Мог не смотреть в промороженную ночь, прекрасно зная, что произошло, но решил бросить взгляд, чтобы быть уверенным до конца. Разорванная коробка «тойоты» корчилась в огненном вихре беспощадного и коварного взрыва.

Спасибо, Чеченец, сказал я, ты оказался прав: в этом пламени должны были погибнуть мы. По уразумению женщины, называющей себя человеческими именами. Ей не повезло и вместо того, чтобы сейчас быть вдавливаемой от перегрузок в кресло самолета, уносящегося в райские кущи Полинезии, она горит в адовом огне возмездия. Вместе с пластиковой пустышкой в пятьсот миллионов вечнозеленых, как кипарисы, долларов.

Повинюсь, была мысль взять пластик и отправить в подарок Ю, да вовремя одумался: нельзя. Лучшим подарком для неё буду я, выгуливающий кошку и бело-бурого медведя на зеленой лужайке под горячим, как блин, солнышком.

Потом выбрался под метущуюся от теплого южного ветра слякоть, над которой висел натужный вой невидимых чудовищ, тщетно пытающихся взлететь в непроницаемое азиатское небо. Горластый таксист, чуя за версту клиента, заорал сиплым пропитым басом:

— Куда, командир?!

— В Город, — ответил. И промолчал: Бессмертных.

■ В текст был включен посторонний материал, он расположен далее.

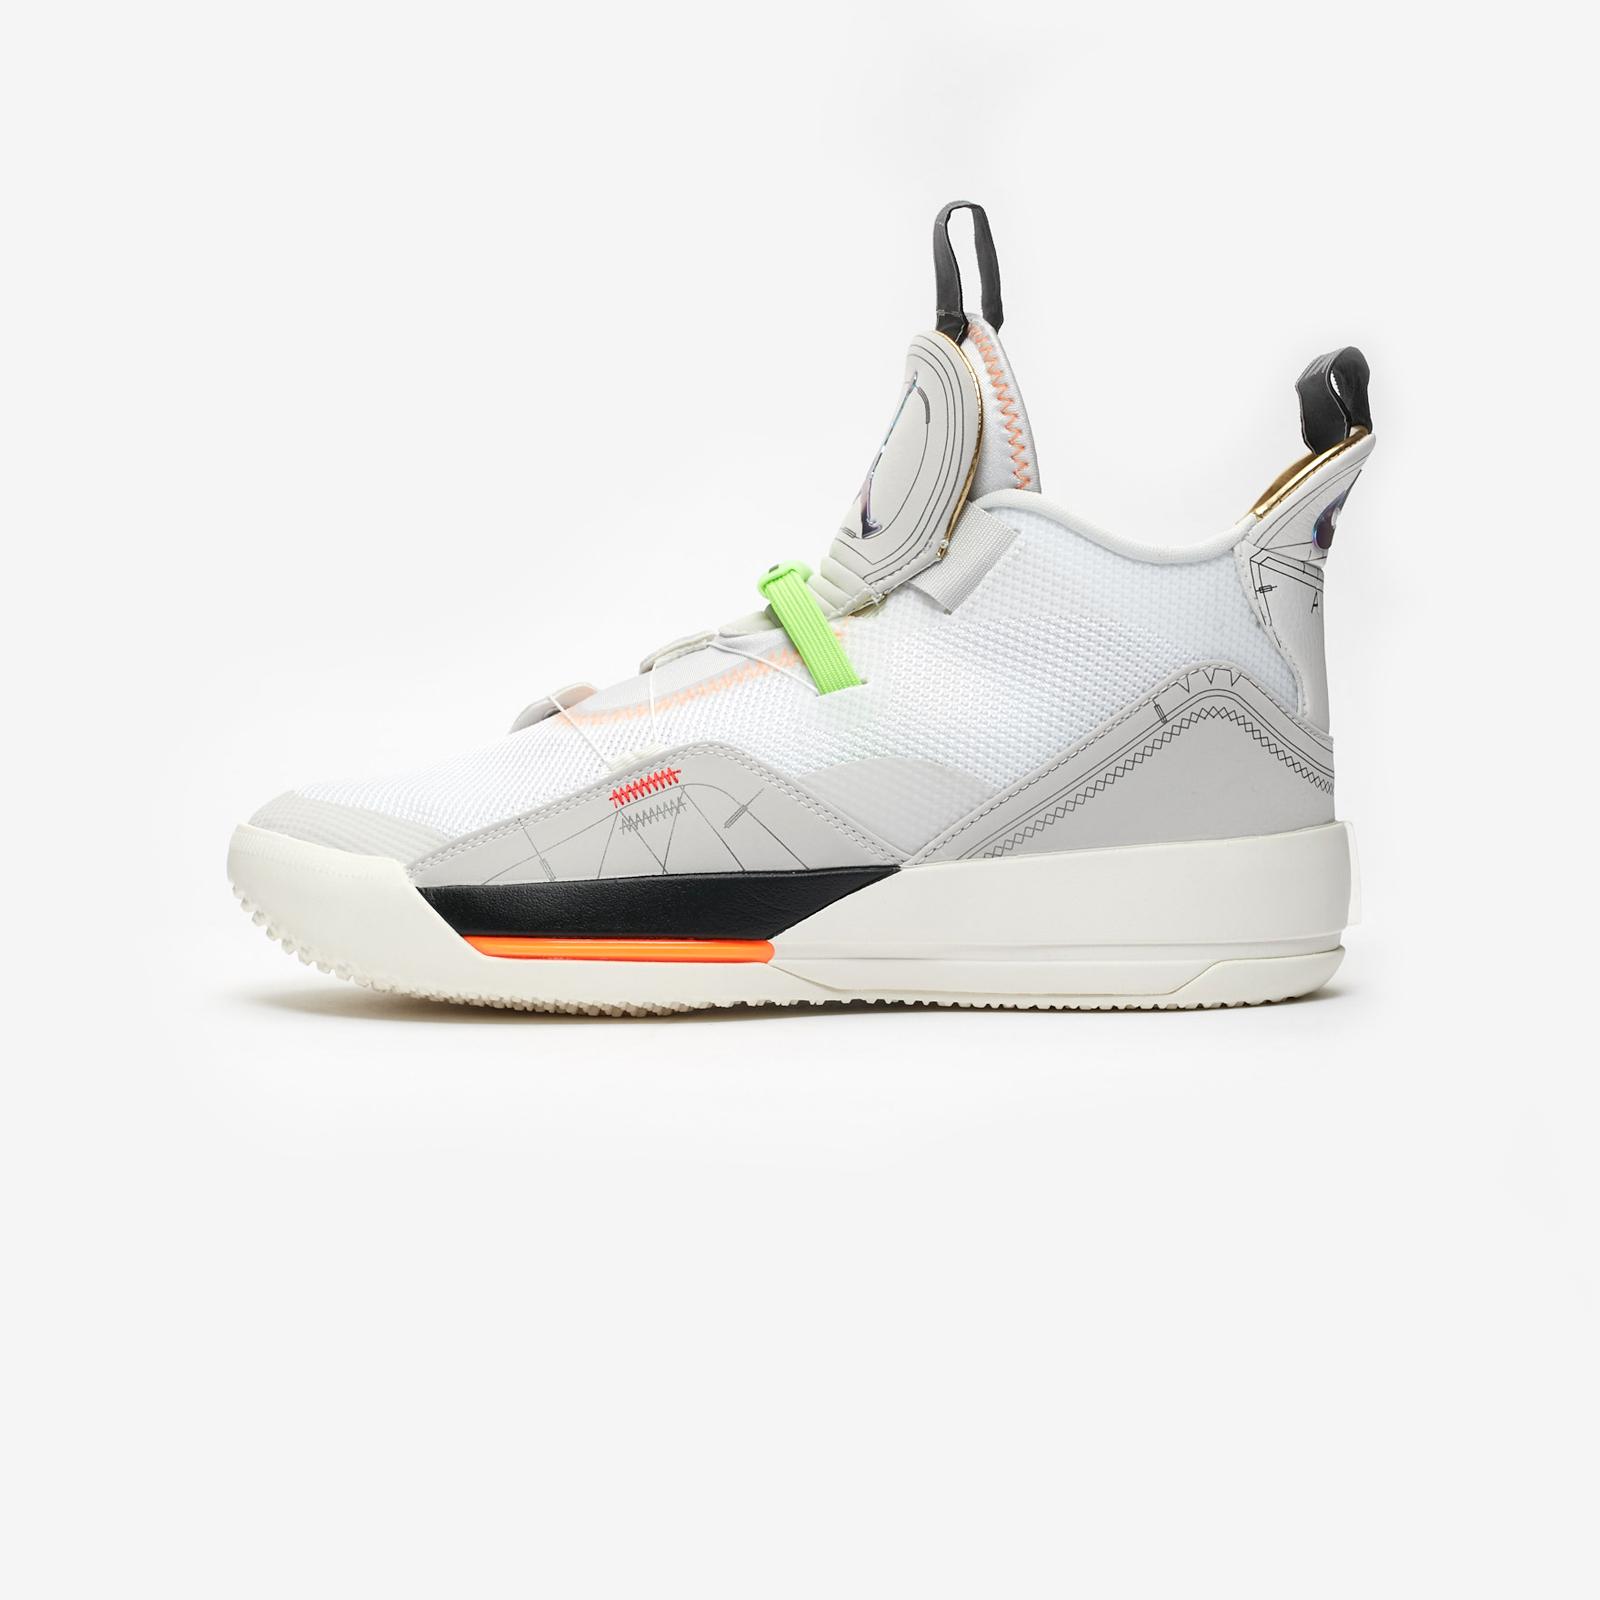 0195583c4f816 Jordan Brand Air Jordan XXXIII - Aq8830-004 - Sneakersnstuff | sneakers &  streetwear online since 1999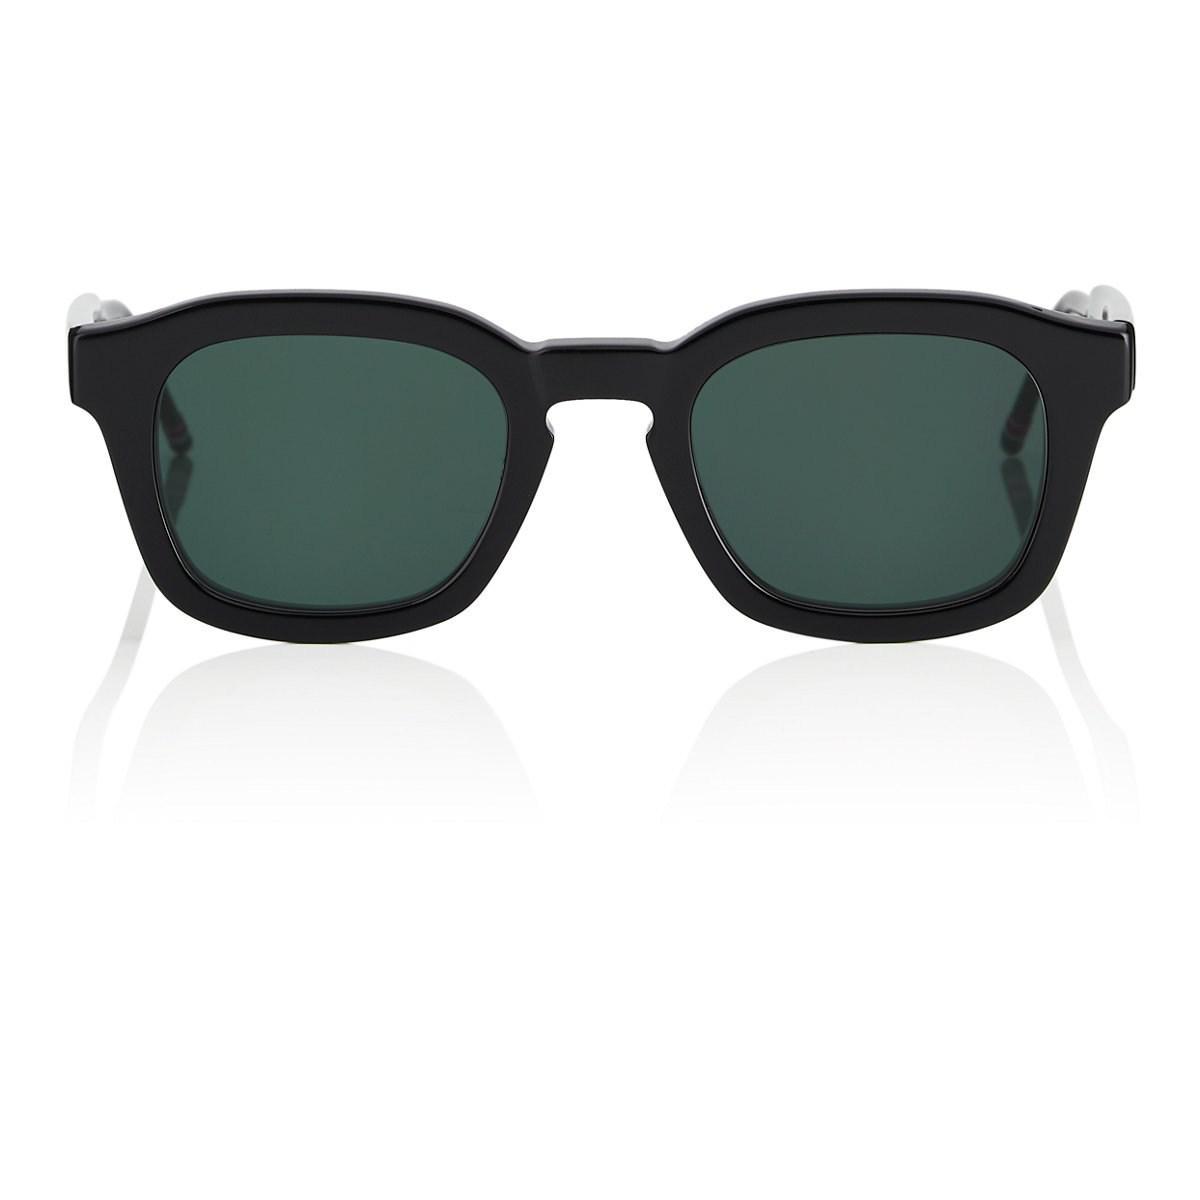 9714c8fde971 Thom Browne Tb-412 Sunglasses in Black for Men - Lyst

Я возвращался в свой городишко, прозябающий на краю света. Там проживали прекрасные люди с оптимистической верой в свое высшее волшебное предназначение, но среди них были те, кто подлежал физическому уничтожению. Они не имели права на жизнь в солнечной системе, они своим тошнотворным присутствием разрушали мир, сотканный из сонного рассвета и тумана, из первого снега и первой любви, из смеха и плача детей, из тишины, крадущейся косматым зверем кромкой вечернего леса, и шума морских волн, набегающих на песок, подсвеченный пурпурным небесным лотосом.

Возможно, не имею право на столь возвышенные речи, но позволю себе малую толику благодушия и любви. Убийцам и смертникам присуща сентиментальность. Тем более был един в двух лицах.

Я ехал на свою войну и знал, что выжить в ней нет никаких шансов. Был обречен, равно как и Чеченец, что давало нам преимущество над врагом. Уверен, нашего возвращения никто не ждал, считая, что мудреные и подлые происки счастливой обладательницы кредитной карточки благополучно разрешилась. В чем я не буду торопиться разубеждать противную сторону.

Болтанка в холодном такси действовала на меня бодряще. Я понял, что без предварительной подготовки лезть в спецзону «А» с дамасским дедовским клинком бессмысленно. Нужно время, чтобы до конца проанализировать ситуацию. На дачу и квартиру нельзя. К маме нельзя. К Антонио тоже. Куда?

— Куда, командир? — угадал таксист.

— У вокзальчика, через переезд, — ответил, обратив внимание на светящуюся луковицу привокзальных часов: двенадцатый час.

— Ну и дыра, — сказал таксист. — Неужто тута люди живут?

— Еще как живут, — проговорил я. — Процветают.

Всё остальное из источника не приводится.